The Wakasahiko Jinja is located a 30-minute walk and the Wakasahime Jinja a ten-minute walk from Higashi-Obama Station on the JR West Obama Line.

==Cultural Properties==
===National Important Cultural Properties===
- Norito Shidai (詔戸次第（乾元二年卯月廿一日）), Kamakura period (1303); Norito are Shinto prayers. The Norito Shidai is a scroll with seven pages, 30.1 by 339.6-cm, made from Hishi paper and with a dark brown floral damask cover (added after the Edo period). The main text is in the style of a decree, with a mix of katakana and return dots and red periods within the text, and dense side readings are annotated throughout in the same stroke.
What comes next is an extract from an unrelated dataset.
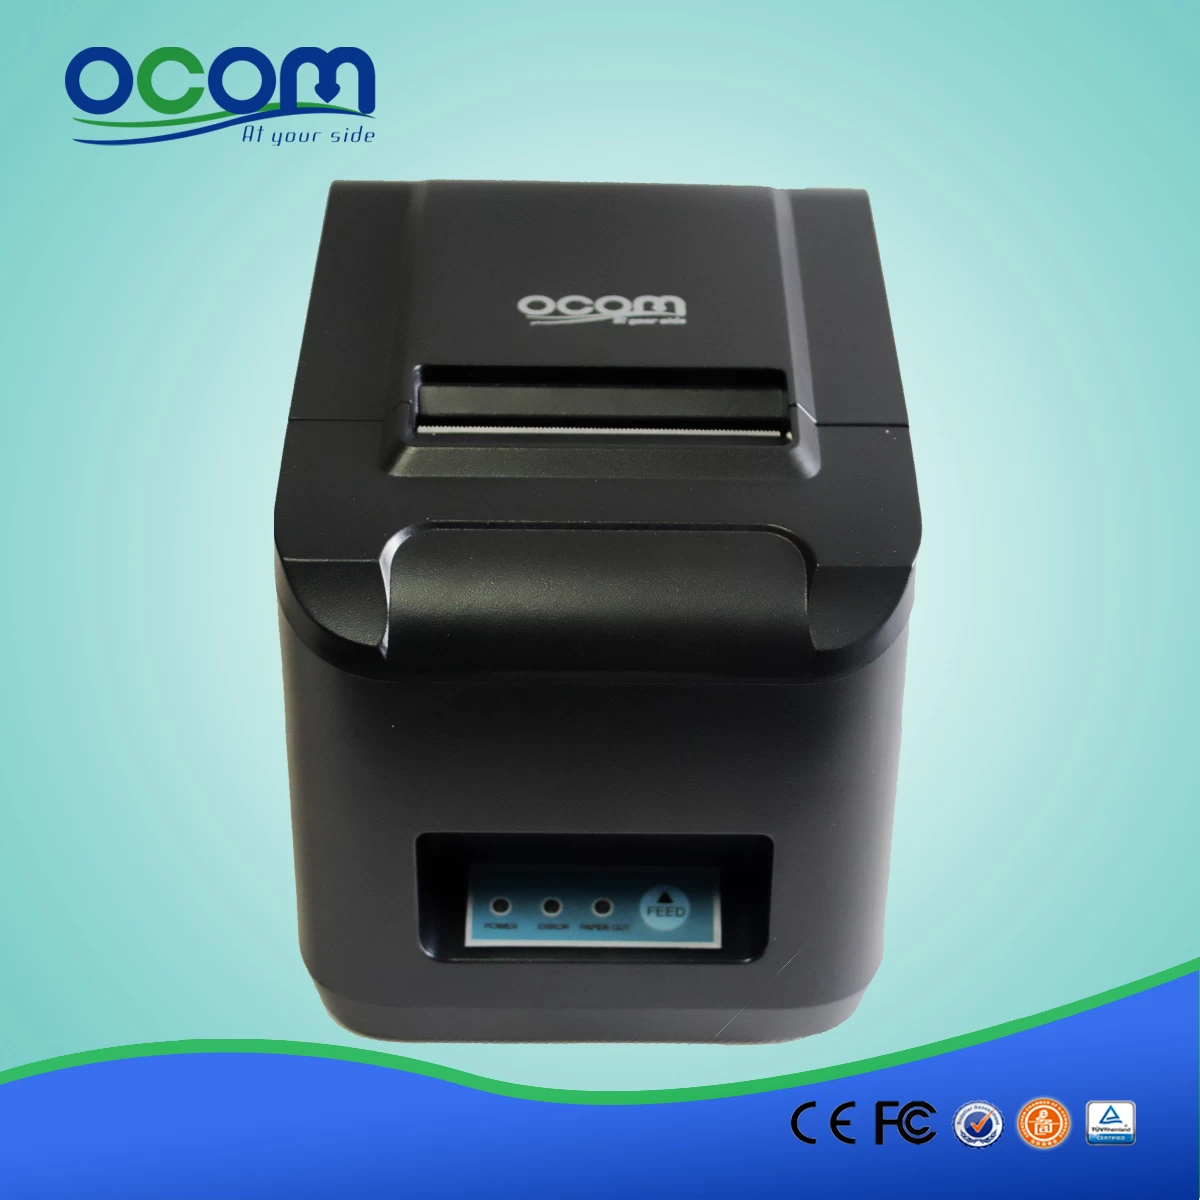 High quality 80mm POS receipt printer-OCPP-808-URL
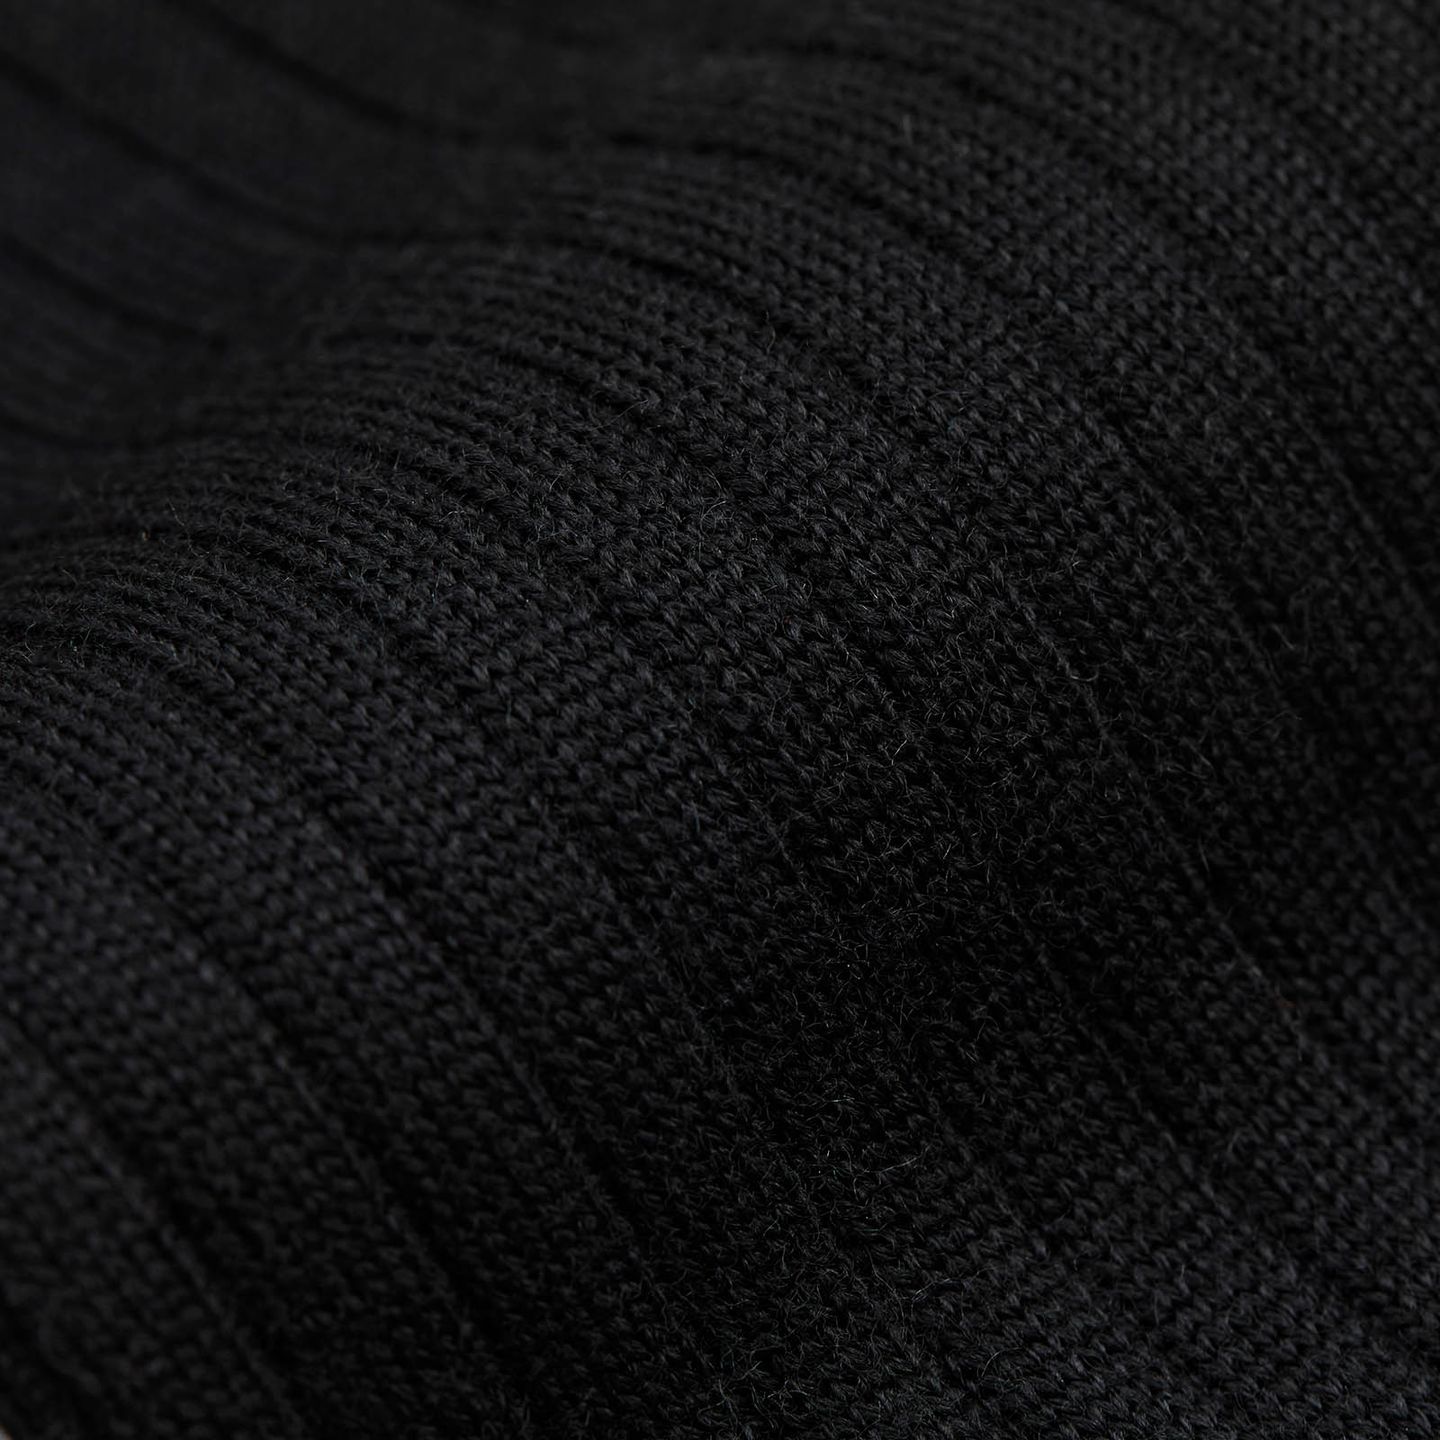 Close up of black merino wool socks

The contents center on the imperial offerings made to Wakasahiko Daimyojin by the Wakasa provincial governor and local officials, as well as offerings for the shrine's annual festival, the monthly first-day festival, and the imperial offerings from envoys on the Hokuriku road, conveying the full scope of Wakasa Province's religious ceremonies in the Middle Ages. The text includes the dates Kencho 7 (1255) for the annual festival prayer and Kenryaku 2 (1212) for the provincial governor's worship prayer, and the date Kengen 2 (1303) inscribed at the end of the volume likely indicates when these were compiled and transcribed.